Pheochromocytoma is a rare tumor of chromaffin cells most commonly arising from the adrenal medulla. An estimated 800 cases are diagnosed yearly in the U.S. The peak incidence is in the third to fifth decades of life. Bilateral disease is present in approximately 10% of patients. Bilaterality is much more common in familial pheochromocytoma, often found in association with the familial multiple endocrine neoplasia syndromes (MEN, types IIA and IIB). In patients with MEN type II syndromes, the risk of developing a contralateral tumor following unilateral adrenalectomy is approximately 50%. Other syndromes associated with pheochromocytoma include neurofibromatosis, von Hippel-Lindau disease, cerebellar hemangioblastoma, Sturge-Weber\'s syndrome, and tuberous sclerosis. Therefore, all patients with pheochromocytomas should be screened for MEN-2 and von Hippel-Lindau disease to avert further morbidity and mortality in the patients and their families. Extra-adrenal pheochromocytoma or functional paraganglioma occurs in approximately 10% to 15% of cases and may arise from any extra-adrenal chromaffin tissue in the body associated with sympathetic ganglia.

Extra-adrenal pheochromocytoma is most often located within the abdomen and may have greater malignant potential than adrenal pheochromocytoma. Extra-adrenal tumors usually have a poorer prognosis than adrenal tumors. Due to the production and release of catecholamines, pheochromocytomas cause hypertension. However, only 0.1% to 0.5% of all hypertension patients will be found to have a pheochromocytoma. The importance of the recognition of this disease is that over 90% of patients properly diagnosed and treated are curable.

The hypertension caused by pheochromocytoma may be sustained or paroxysmal and is often severe with occasional malignant features of encephalopathy, retinopathy and proteinuria. Less commonly, severe hypertensive reactions may occur during incidental surgery, following trauma, exercise, or micturition (in the setting of bladder pheochromocytoma) when the diagnosis is unsuspected. Other clinical features of pheochromocytoma include headache, sweating, palpitation, tachycardia and severe anxiety along with epigastric or chest pain. The diagnosis of pheochromocytoma is established by the demonstration of elevated 24-hour urinary excretion of free catecholamines (norepinephrine and epinephrine) or catecholamine metabolites (VMA and total metanephrines). The measurement of plasma catecholamines can also be of value in the diagnosis of pheochromocytoma. However, the measurement of plasma catecholamines has limited sensitivity and specificity. Plasma metanephrines have been reported to be more sensitive than plasma catecholamines.

Once the diagnosis is confirmed by biochemical determinations the localization and extent of disease should be determined. Ninety-seven percent are found in the abdomen, 2% to 3% in the thorax, and 1% in the neck. The initial studies should be a chest film and abdominal computed tomographic (CT) scan.

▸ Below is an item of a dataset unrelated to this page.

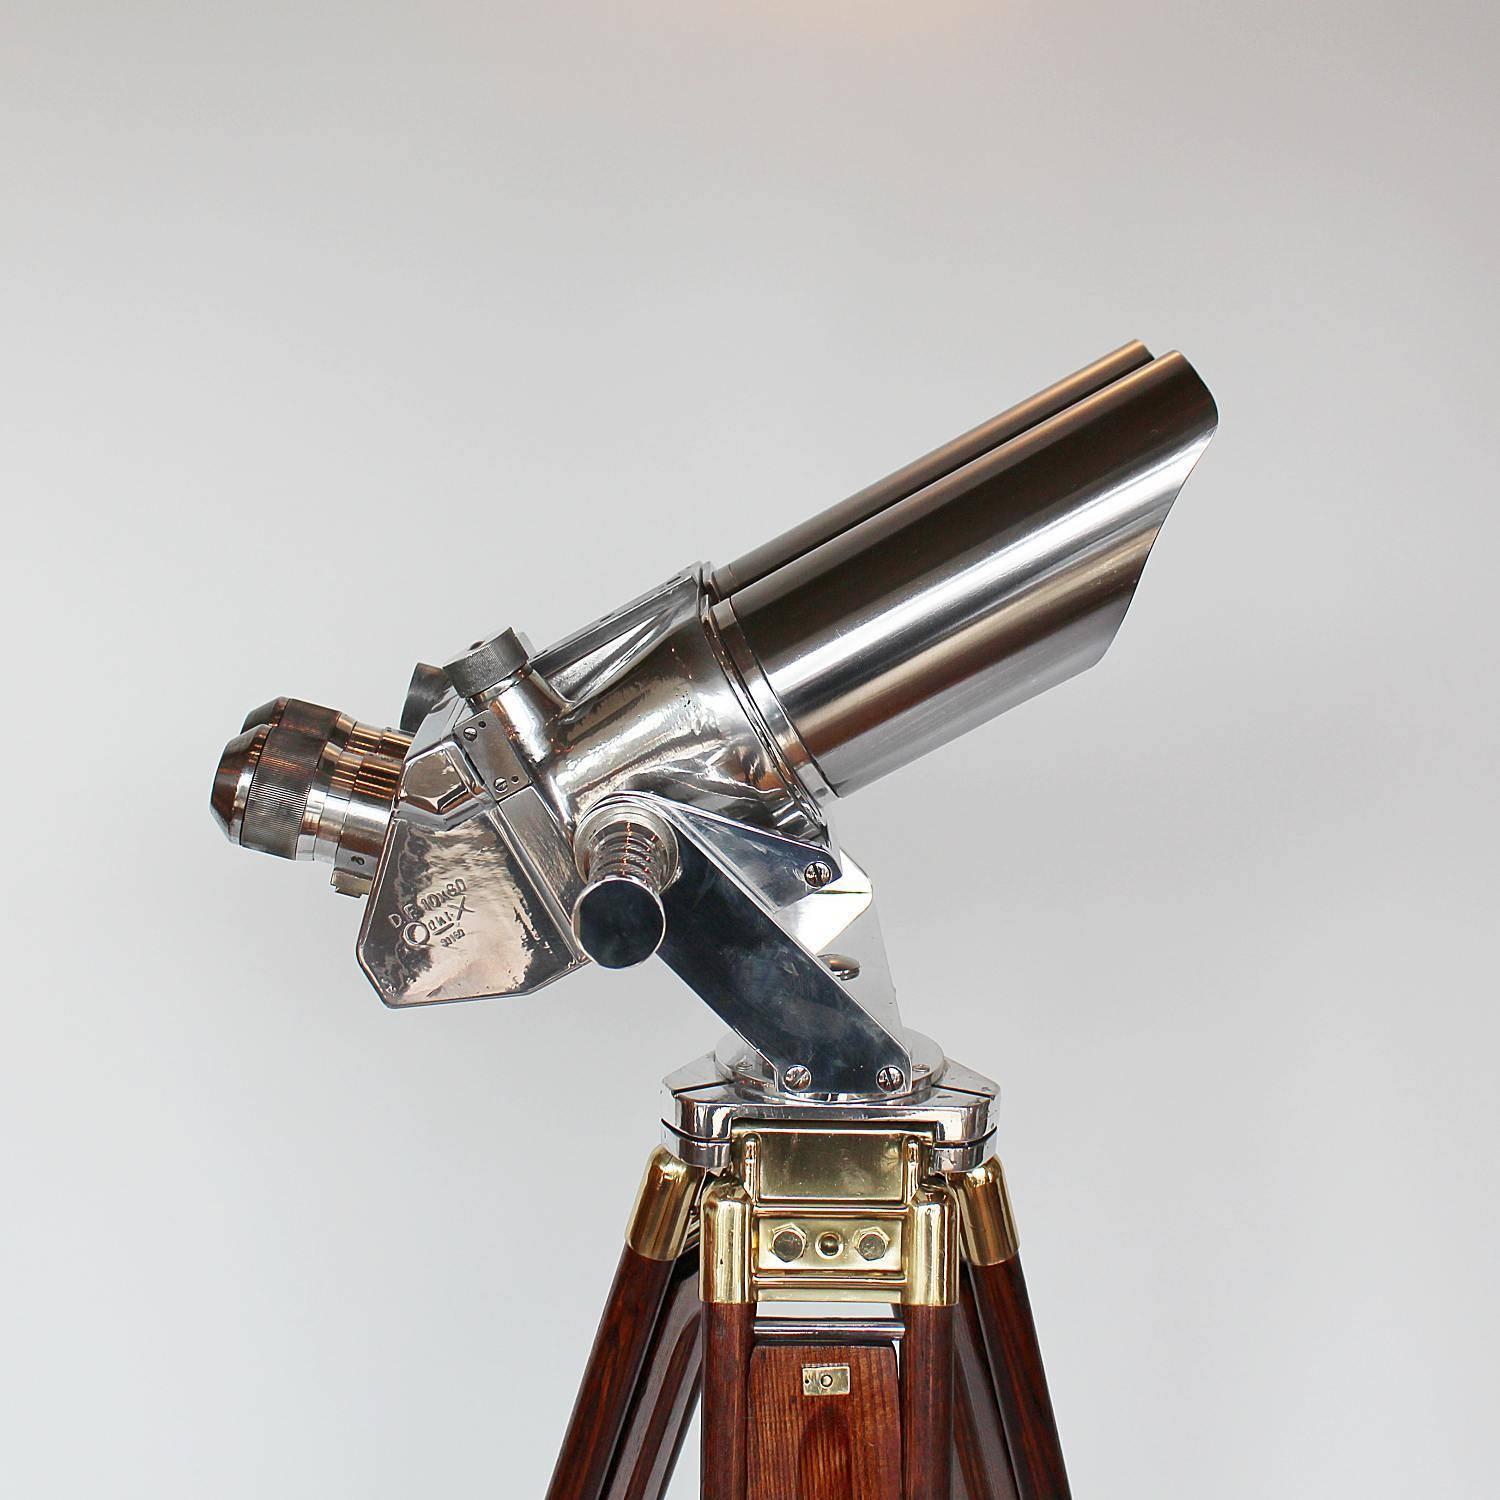 A pair of Zeiss 10x80 binoculars with eyepieces set at 45 degrees. Set on period, extending oak and brass stand with chromed conical feet by Zeiss. 10 times magnification with 80mm objective lens.
Paint stripped and metal polished. Fully

I123meta-iodobenzylguanidine (MIBG) has been found to be useful as a scintigraphic localization agent. If the tumor is not adequately localized by these methods then magnetic resonance imaging (MRI), or rarely, vena cava catheterization with selective venous sampling for catecholamines may be indicated. CT and MRI scans are about equally sensitive (98%-100%), while MIBG scanning has a sensitivity of only 80%. However, MIBG scanning has a specificity of 100%, compared to specificity of 70% for CT and MRI. Surgical resection is the standard curative modality. If the primary tumor is localized to the adrenal gland and is benign, then survival is that of the normal age-matched population. In patients with unresectable, recurrent, or metastatic disease long-term survival is possible however, the overall 5-year survival is less than 50%. Pharmacologic treatment of the catecholamine excess is mandatory and surgery, radiation therapy, or chemotherapy may provide palliative benefit.